G.O. is an optimist. I asked him what his motto in life was.  He immediately replied, “The only limits are the ones you create in your mind.” That much is overwhelmingly clear throughout the mixtape. G.O. let’s his dreams breathe on this project and he’s laced his aspirations delicately into each of his songs. At times, it is inspiring and at other times, it’s exhausting. Still, given the name of the mixtape, I have to imagine that it was his plan to introduce the world to him as an artist. If nothing else, this is where G.O. most succeeds.

Track 8 is titled It’s All Good

…and it could very well have served as the titular track if the project was a producer mixtape. If you want to know G.O., all you have to understand is that he wants to make it and he sees music as his avenue to get out. I learned through conversation with him that he’s been drumming since he was 2 years old and he obviously understands music. Moreover, he’s extremely good at putting together elements and creating sounds that are interesting and compelling; he produced the entire project. However, the underdog motif sometimes undercuts just how good his music sounds. 

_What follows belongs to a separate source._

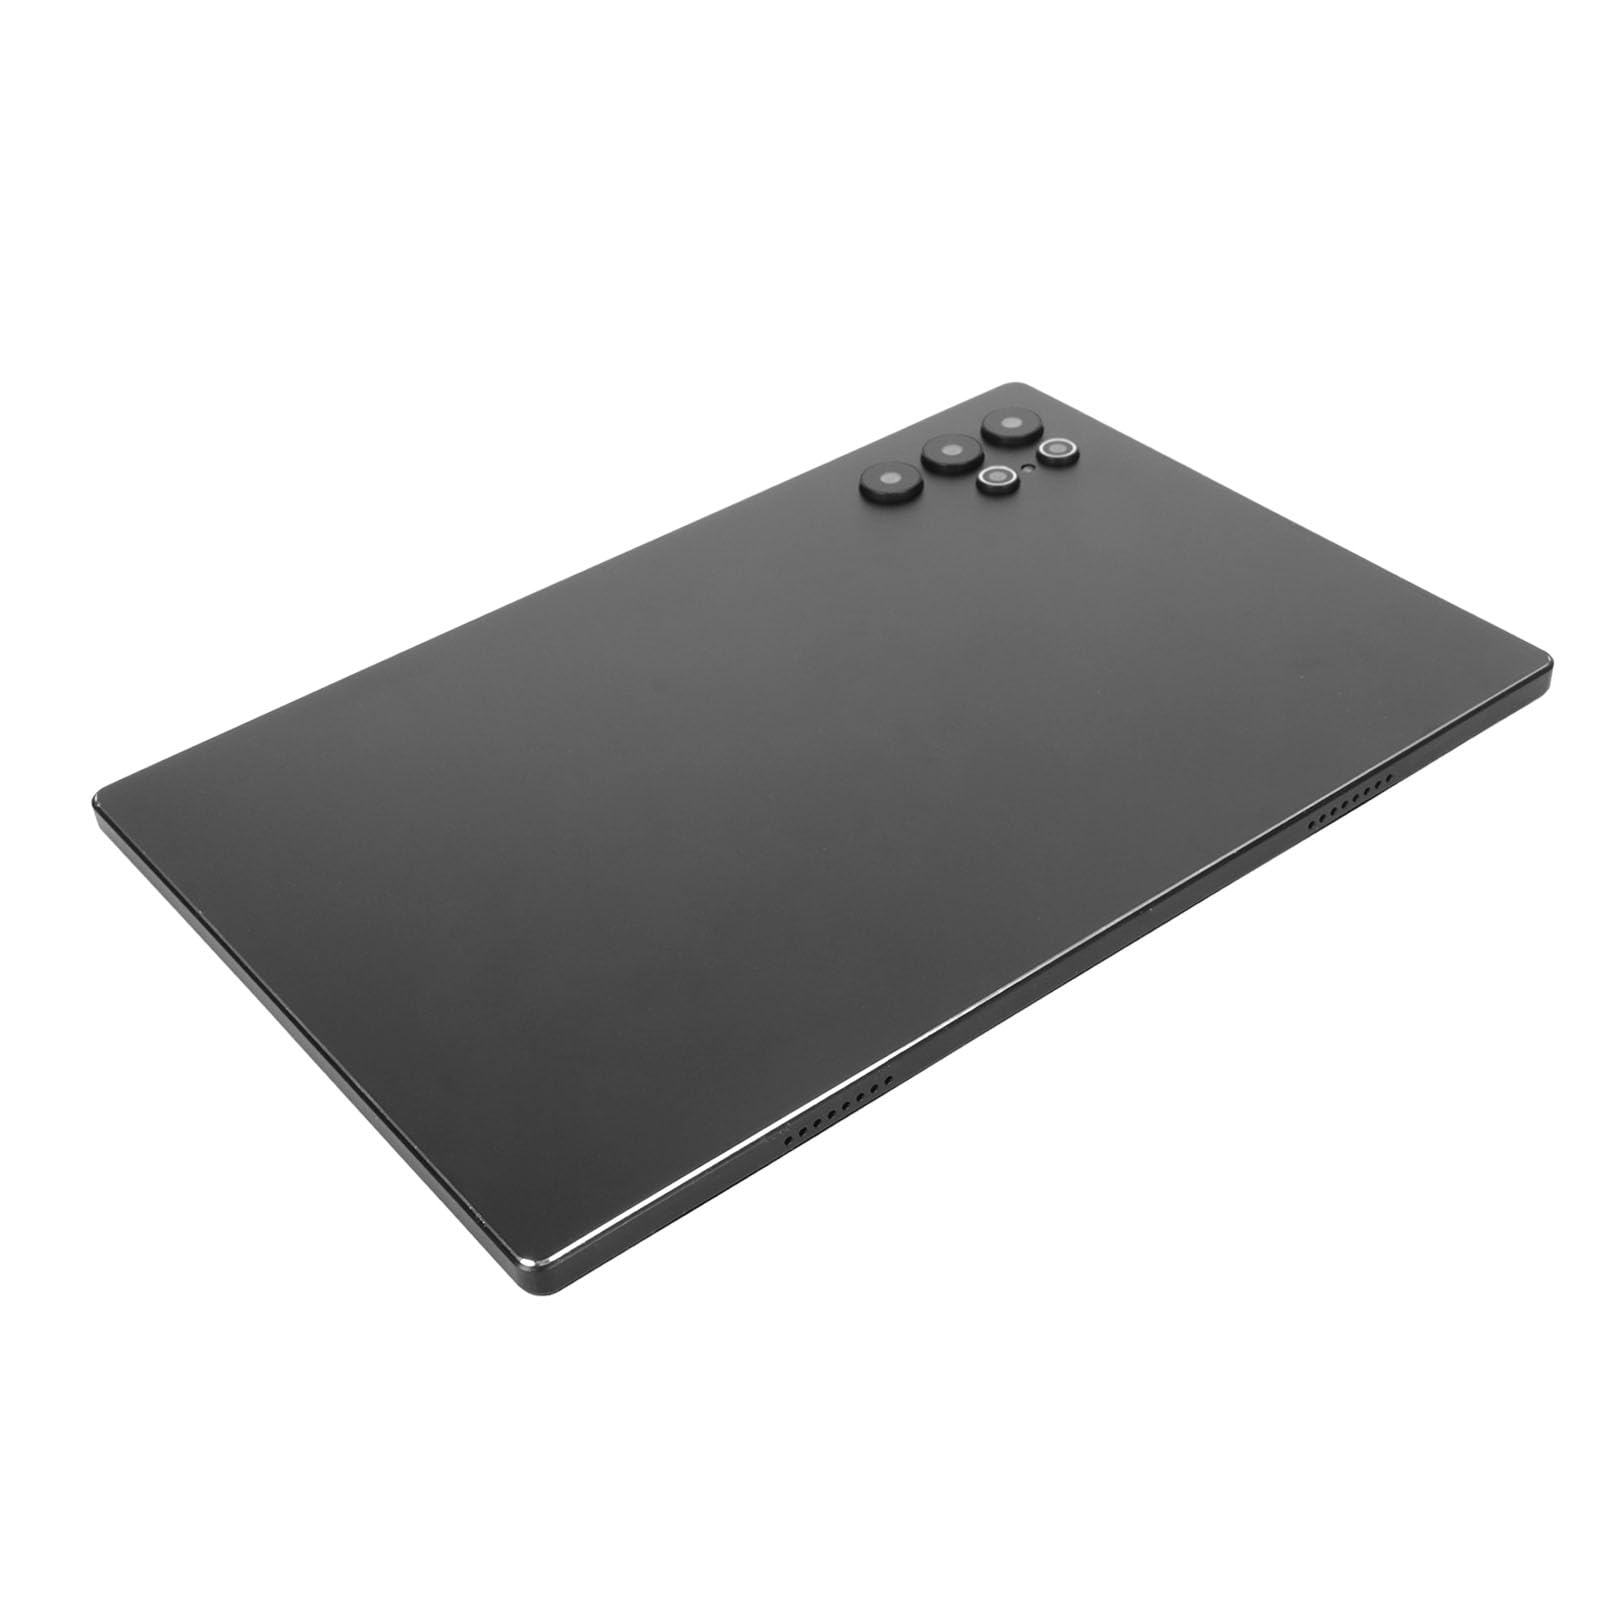 HEEPDD Computer Tablet, 8MP 24MP Dual Camera 10 Inch 100-240V US Plug WiFi Computer Tablet (Black)
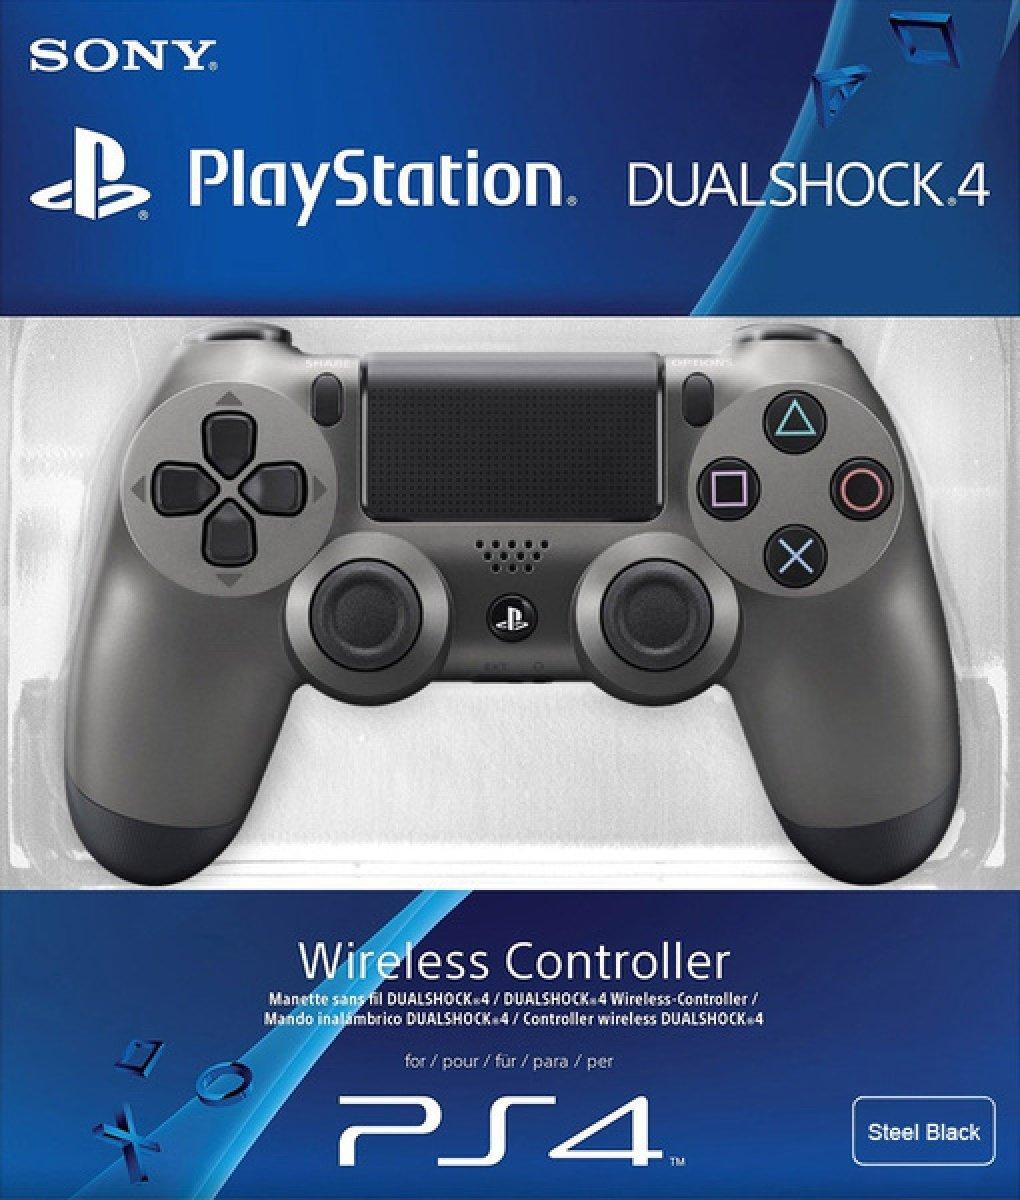 Геймпад PS4 беспроводной DualShock 4 Wireless Controller (Steel Black) (Реплика), фото 1

From the first song, Go Get Em Now, you hear G.O stepping outside of typical hip hop conventions. Calling on piano strokes and the raspy vocals of Ryan Alan, the song reminded me more of a rock ballad from the 80s then anything that I’d expect in contemporary hip hop. Think In The Air Tonight for a reference point. I appreciated the approach and immediately re-calibrated my expectations to, well, no expectations.

My open mind was rewarded over the next tracks. The sample flip on It’s Alright made me audibly exclaim ‘oh shit’ and the Alpha in me rejoiced with the way that G.O. brought Mo Bounce into the 21st century. The rest of the mixtape is a journey across different sounds and experiments. For the rest of The Greg Owns Project, I heard songs that evoked vibes from hip hop classics such as Kanye West’s Spaceship and J Cole’s Dollar and a Dream. Scattered throughout my notes I have written, “this sounds like Drake and Lil Wayne…crooning Lil Wayne” and “I see he was searching for the Tupac g-funk sound”. There’s even a hint of 808s and Heartbreak era Kanye.

Each song is a different exhibition for what exactly G.O. is able to create. On There 4 You, he made me bop my head. I found myself mesmerized by the way he had his snares and hi hats chasing around the jazzy melody. The end result isn’t necessarily a cohesively produce project, but instead a collage demonstrating G.O’s range. What remained consistent, was how, after every track, I found myself saying “that was interesting”.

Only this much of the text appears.